Are you distracted easily?

Would you like some help managing priorities?

Is Time Management an issue for you?

Why Deep Work?

Deep work involves professional activities performed in a state of distraction-free concentration for extended periods.

The degree of concentration helps you push your cognitive capabilities to their limit. This enhances your productivity. The opposite of deep work is shallow work, the kind of task that requires little mental effort and can be done while doing other activities. These efforts tend not to create much new value.

When you are in a state of deep work, your output is unique and cannot be replicated by someone else. For example, if you can intensely concentrate and write useful code that is not easily replicable.

High-Quality Work Produced = (Time Spent) x (Intensity of Focus)

At our workplace, we like to read and respond quickly to emails. Being constantly connected at the workplace is not particularly helpful. I think this time spent checking emails is a waste of potential time that you can apply to more crucial tasks instead. Ultimately, a tendency to check our emails reduces our well-being and productivity. 

Cultivating deep focus on your work will prevent you from noticing the many smaller and less pleasant tasks that unavoidably populate your life. Embracing deep work in your career and directing it toward cultivating your skills will require effort. This effort can transform tasks at work from being a distracted, draining obligation into something satisfying.

Rules to implement Deep Work

1.    Rule#1: Integrate deep work into our schedule and support it with routines and rituals. Focusing on your work will never be without distractions.
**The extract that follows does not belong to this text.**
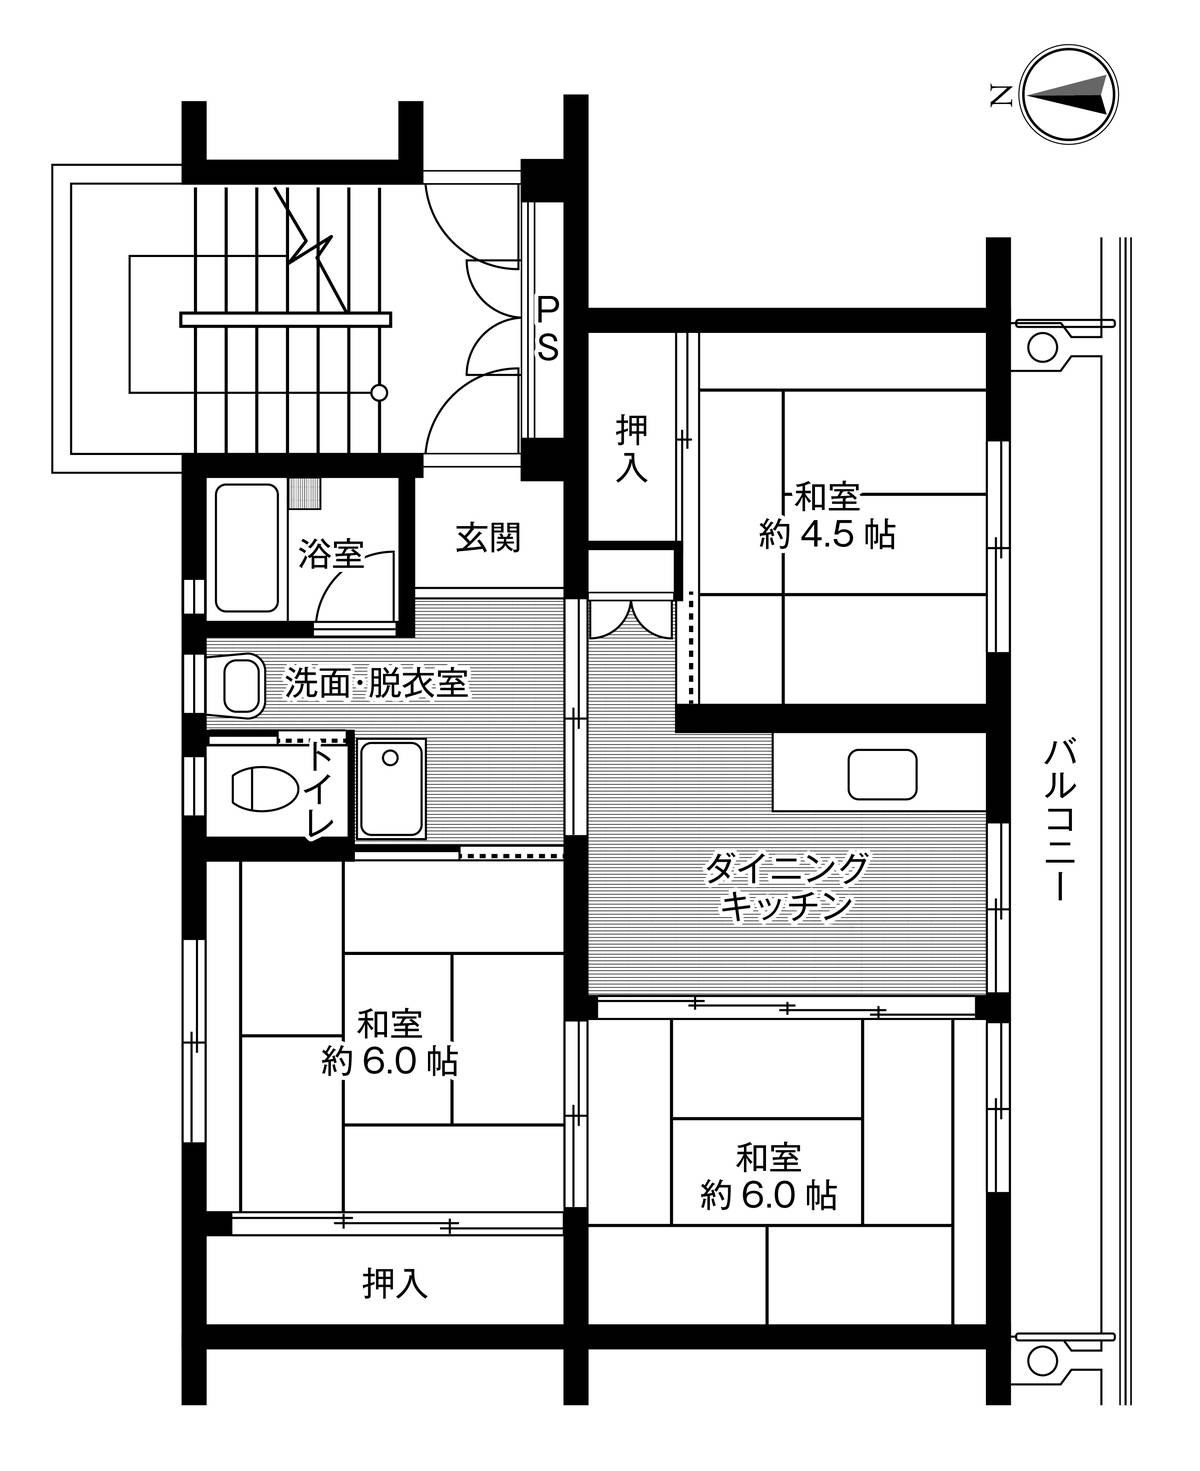 3DK floorplan of Village House Taku in Taku-shi

The urge to check important emails and notifications will interfere with your prioritized tasks. You must cultivate a deep work ritual. At the end of the workday, shut down your consideration of work issues until the following day. Downtime facilitates insights, and helps recharge the energy needed to work deeply. The work that evening downtime replaces usually does not matter much.

2.    Rule#2: Embrace Boredom: You should learn to live without distractions. Once you’re wired for distraction, you crave it. You need to rewire your brain to a configuration better suited to staying on task. Learn to concentrate. Identify a task that’s high on your priority list. Estimate how long you’d usually put aside for it. Then, give yourself a hard deadline that drastically reduces this time estimation. If possible, commit publicly to the deadline.
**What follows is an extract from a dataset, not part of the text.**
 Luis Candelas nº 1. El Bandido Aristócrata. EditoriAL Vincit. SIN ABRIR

3.    Rule#3: Quit Social Media: The false sense of busyness that comes from quick email messaging and social media posing provides a sense of security for many. But the deep life requires you to leave most of that behind.
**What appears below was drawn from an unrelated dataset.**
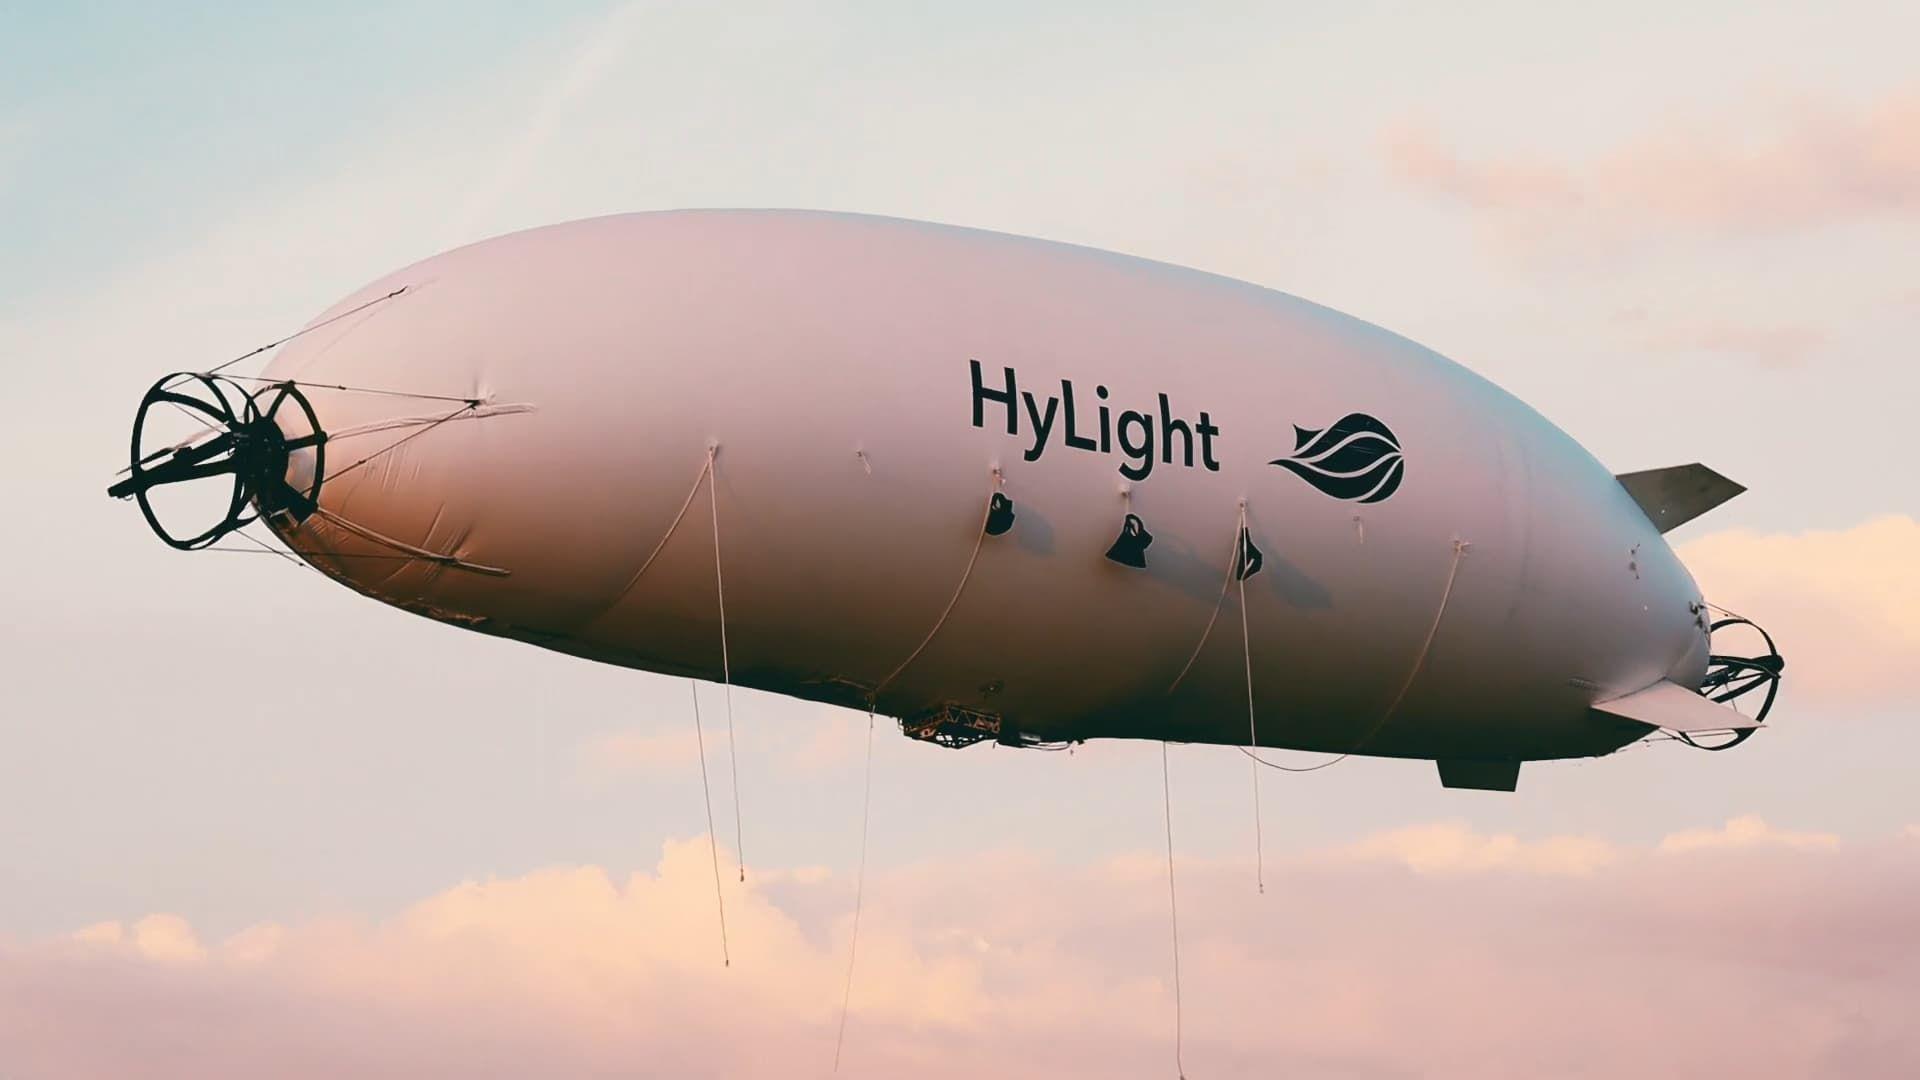 HyLight réalise une levée de fonds de 3,7 M€ pour son drone à hydrogène

4.    Rule#4: Drain the Shallows: Shallow work, such as answering emails and attending meetings, are often inevitable but ultimately low-value activities. You must schedule time for deep work and spend as little time as possible on shallow work. Don’t let shallow work get in the way of deep work. Divide the hours of your workday into blocks and assign activities to the blocks. Quite often, your schedule will get interrupted, so make sure you revise your plan.

Summary

If you are like me, easily distracted and struggling to manage time, you need to bring order to your life. Deep Work is the ability to focus without distraction on a cognitively demanding task. Deep work will make you better at what you do. Deep work will also let you achieve more in less time. In addition, it will provide a sense of fulfillment that comes from the mastery of a skill.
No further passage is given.